WORK TASK: Print out the data that follows exactly, character for character, apart from the pictures.

SUPPLIED INFORMATION:
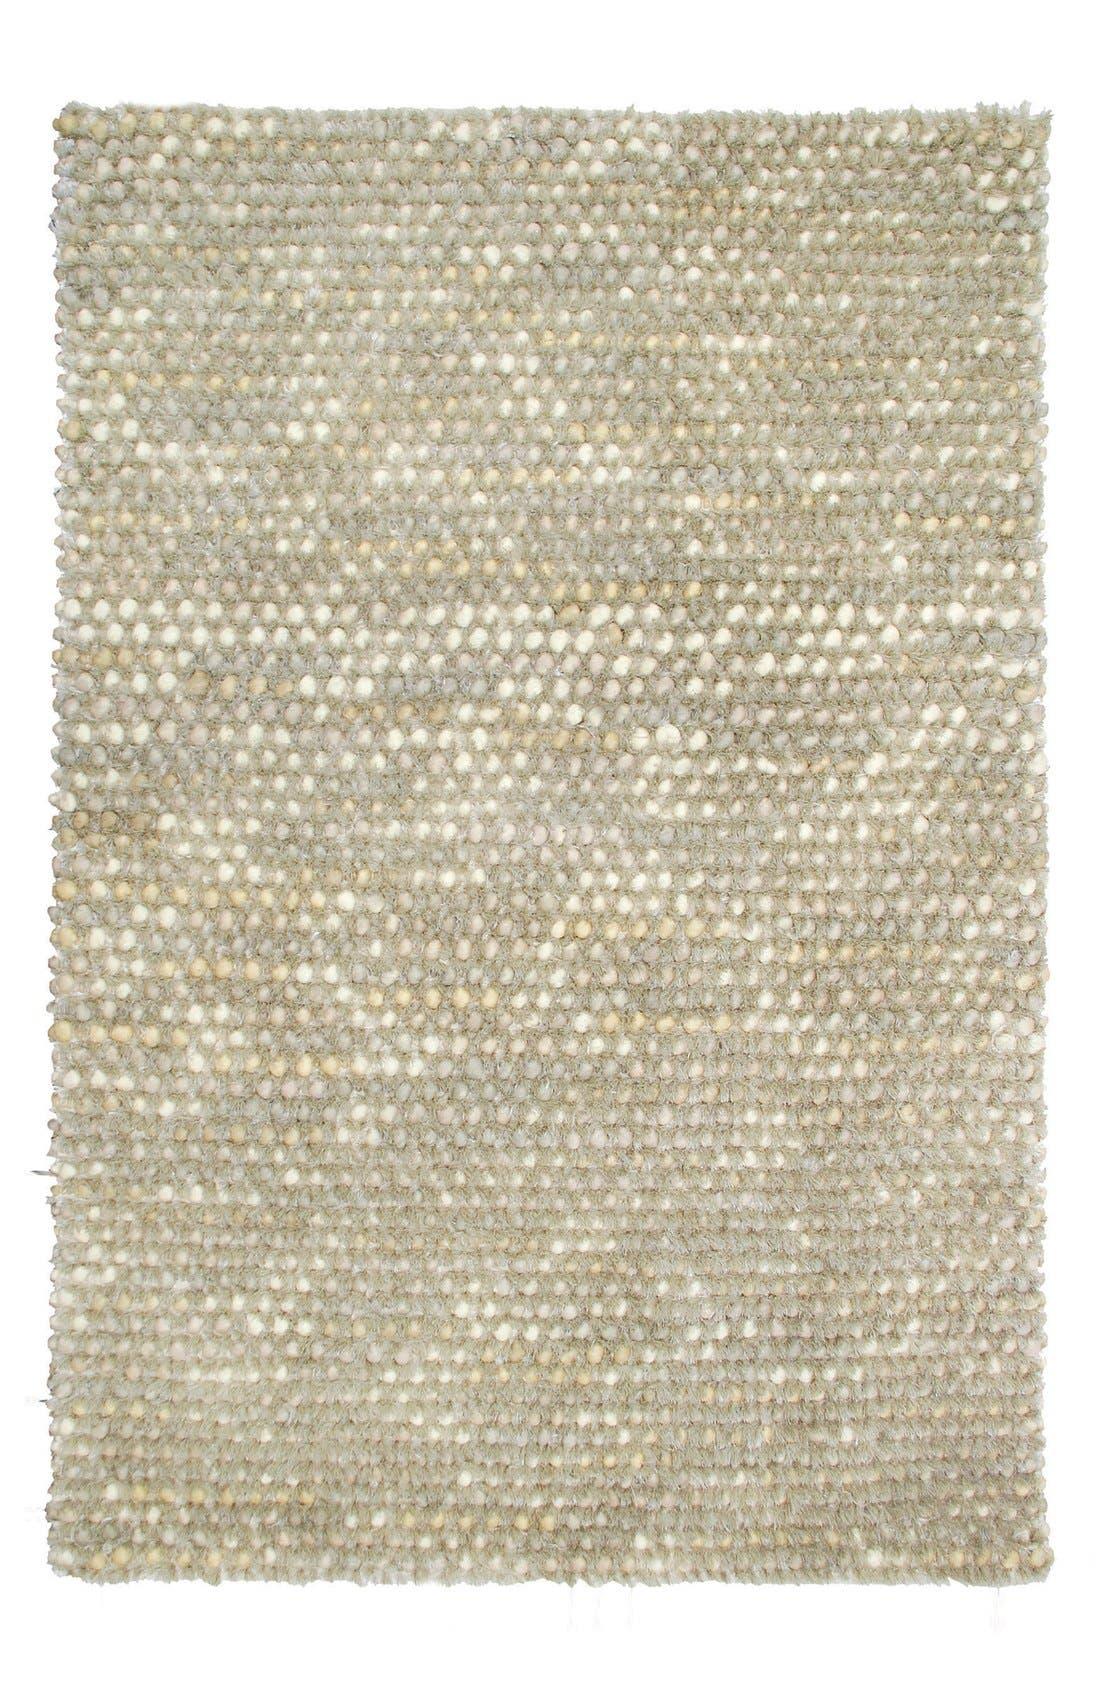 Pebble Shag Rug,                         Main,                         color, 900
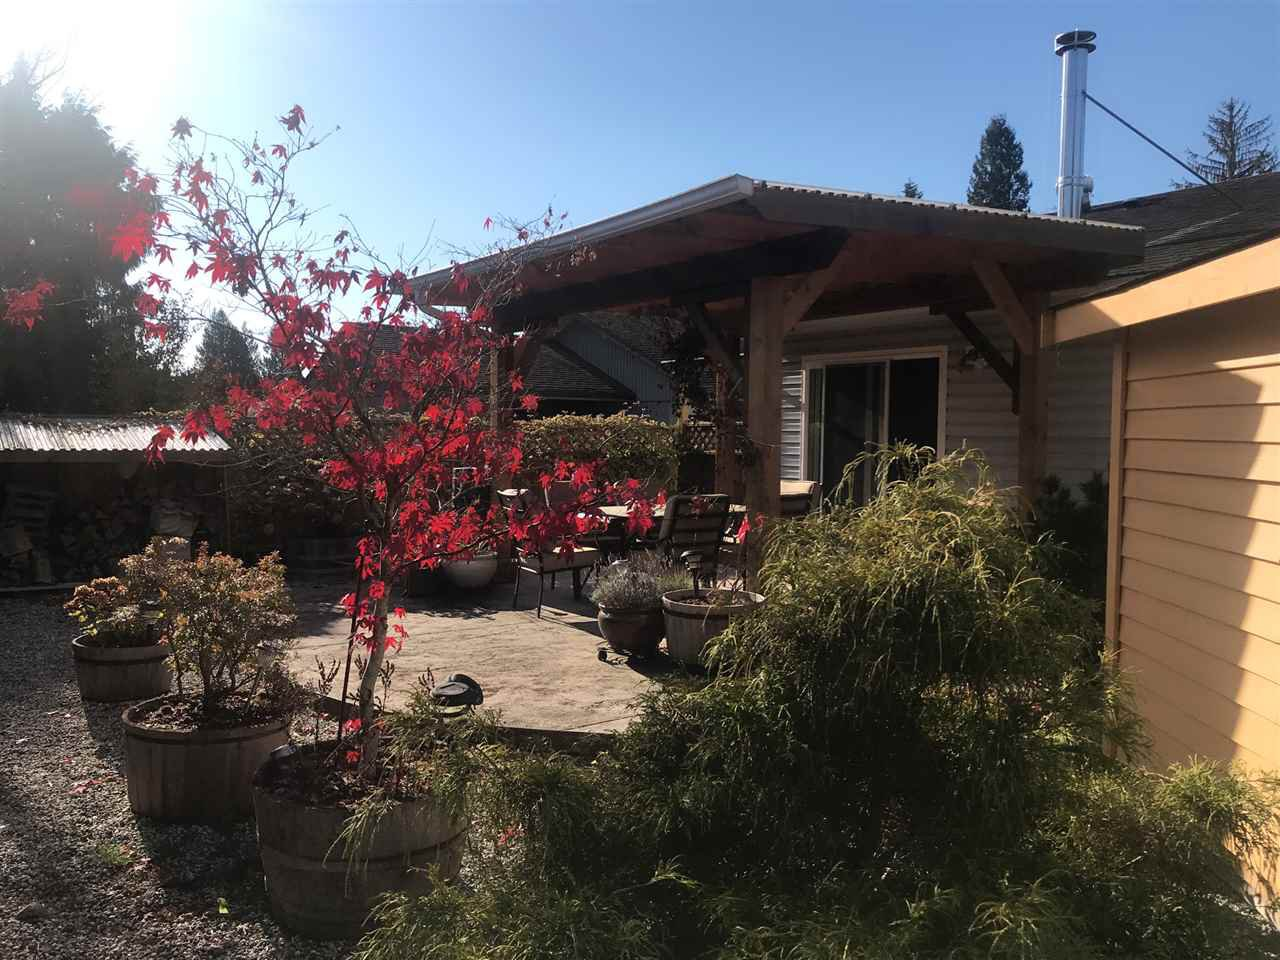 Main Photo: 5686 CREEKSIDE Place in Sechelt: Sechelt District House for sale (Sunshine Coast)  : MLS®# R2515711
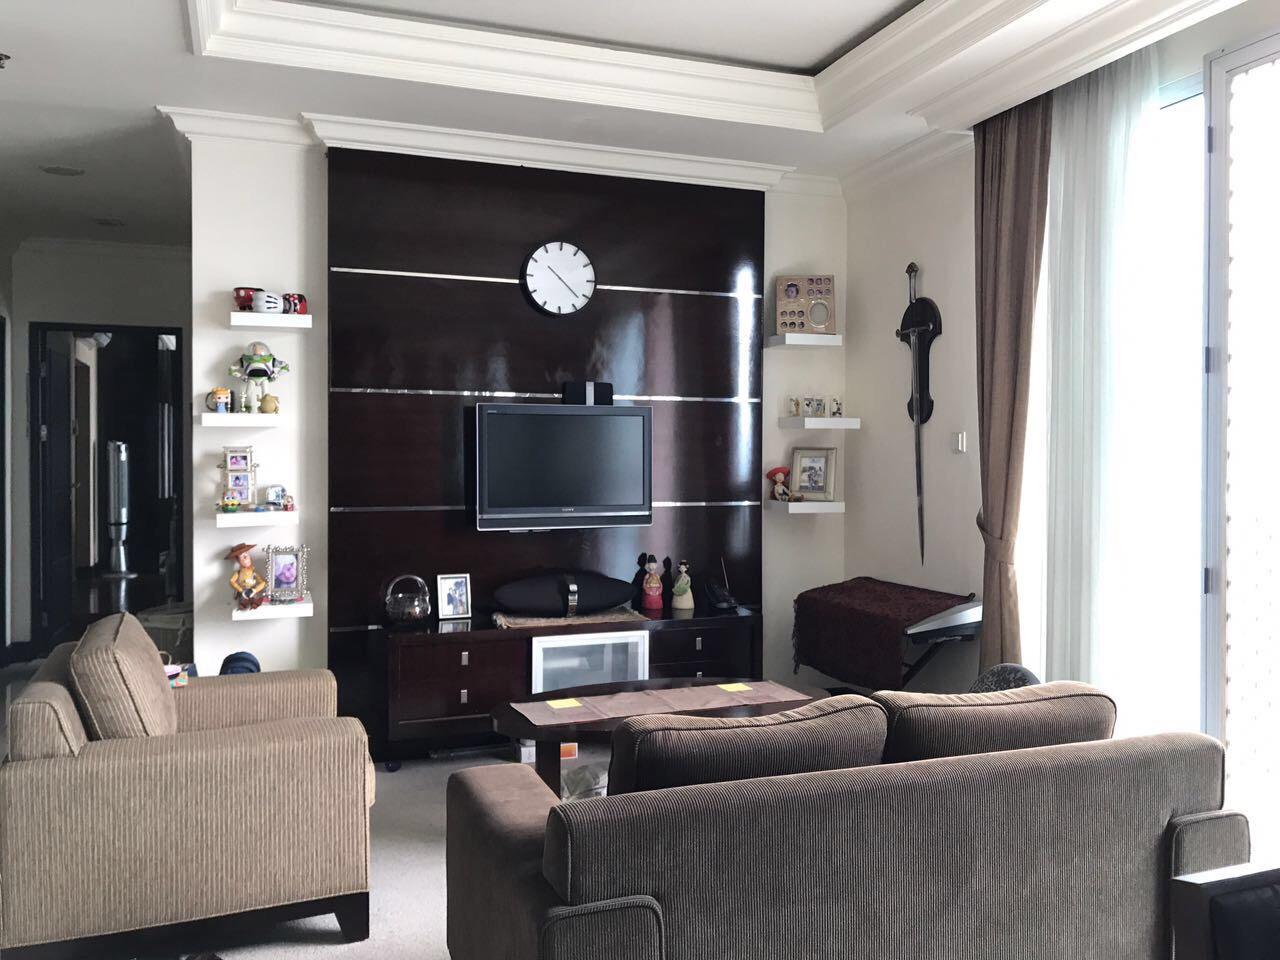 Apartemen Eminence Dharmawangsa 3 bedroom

ANSWER TO THIS TASK:
 Pebble Shag Rug,                         Main,                         color, 900
 Main Photo: 5686 CREEKSIDE Place in Sechelt: Sechelt District House for sale (Sunshine Coast)  : MLS®# R2515711
 Apartemen Eminence Dharmawangsa 3 bedroom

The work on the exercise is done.